First off, index funds, exchange-traded funds – the one’s a unit trust, the other is not. What the difference?
SIMON BROWN: In essence, very little. They both fall under collective investment schemes. They both are going to be tracking an index in a sense, they are both going to be probably doing it at a very low cost.
Exchange-traded funds came in in the early part of this century; I think in November 2000 was the first one. Unit trusts have been around for 60 years. The difference that you are probably going to get is they are different in what they track. In other words, what is that underlying benchmark? Isis it a Top 40, or perhaps an IT or something like that? Otherwise broadly they are pretty much the same, and should both be low cost.
HILTON TARRANT: Lunga in Port Elizabeth, sticking with the ETF theme, asks about the Satrix Divi and asks could you elaborate on it. He’d like to invest in it. I’ve looked at the chart here – it’s gone pretty much nowhere for the past year.
SIMON BROWN: Yeah, it hasn’t been a huge performer in recent times. It’s one of my two preferred exchange-traded funds in the general equity space. What they do is they take the 100 largest shares on the JSE, rank them by future and historic dividend yield, and by the top 30 and the dividend yield. One initially thought that was going to give you a great dividend payout. It doesn’t. It gives about a 2% or so dividend yield. What it does mean is that you are almost doing contrarian – so you are buying stocks that have fallen, in a sense. Telkom was in there for awhile. It isn’t any more. African Bank unfortunately is probably in there. But you are almost getting contrarian in a sense where the other indices are all broadly the same with their market cap weighted. So you are really getting the sort of momentum trading rather than the contrarian. It’s one of my two preferred.
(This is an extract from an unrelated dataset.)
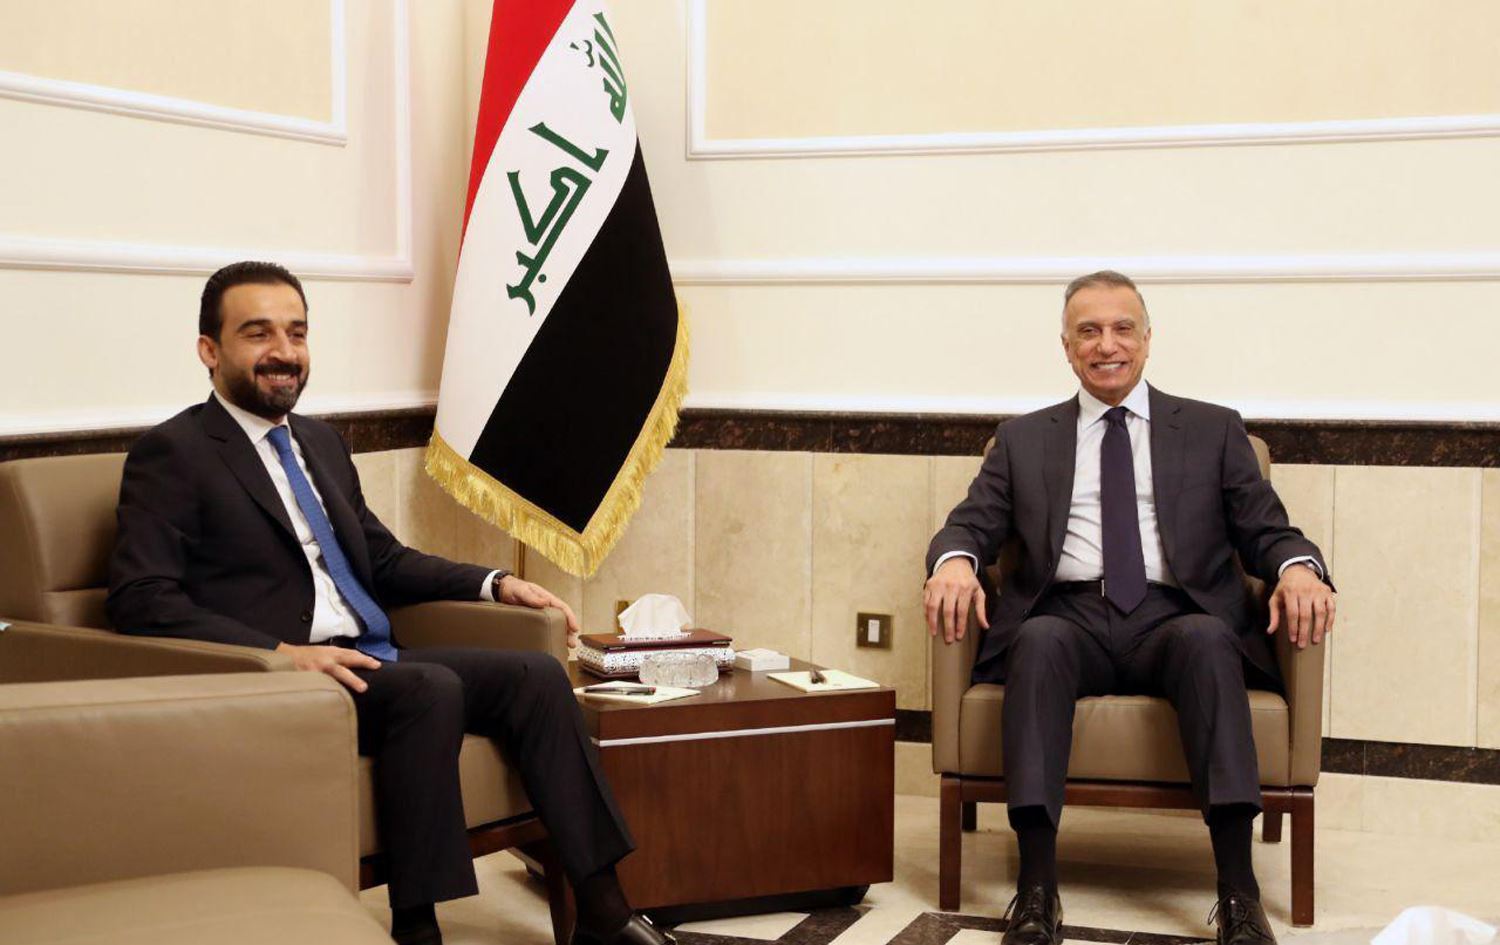 Al-Kadhimi and al-Halboosi meet senior western diplomats

My other preferred is the Nedbank BettaBeta, which is an equal weighted. It takes the Top 40, and divides each stock equally among them.
HILTON TARRANT: Andre asks about OneLogix. Your views long term?
SIMON BROWN: I like the business intuitively. It’s in logistics. They’ve got some good operations. They are basically moving cars around and large trucks, if you go and see those vehicles in the road with six or eight cars stacked on the back. That’s what they are doing. They are also taking it into Africa. They are clever with how they offset the petrol price. They just pass it straight on to the end user. They’ve got PostNet, PostNet being a bit of a disappointment, which has surprised. But their core business, which is the moving of vehicles, is a great business. Of course we need vehicle sales to be doing something to really make a significant difference there. They are moving into more logistics, bulk tanker liquid and the like. I think it’s a good little business.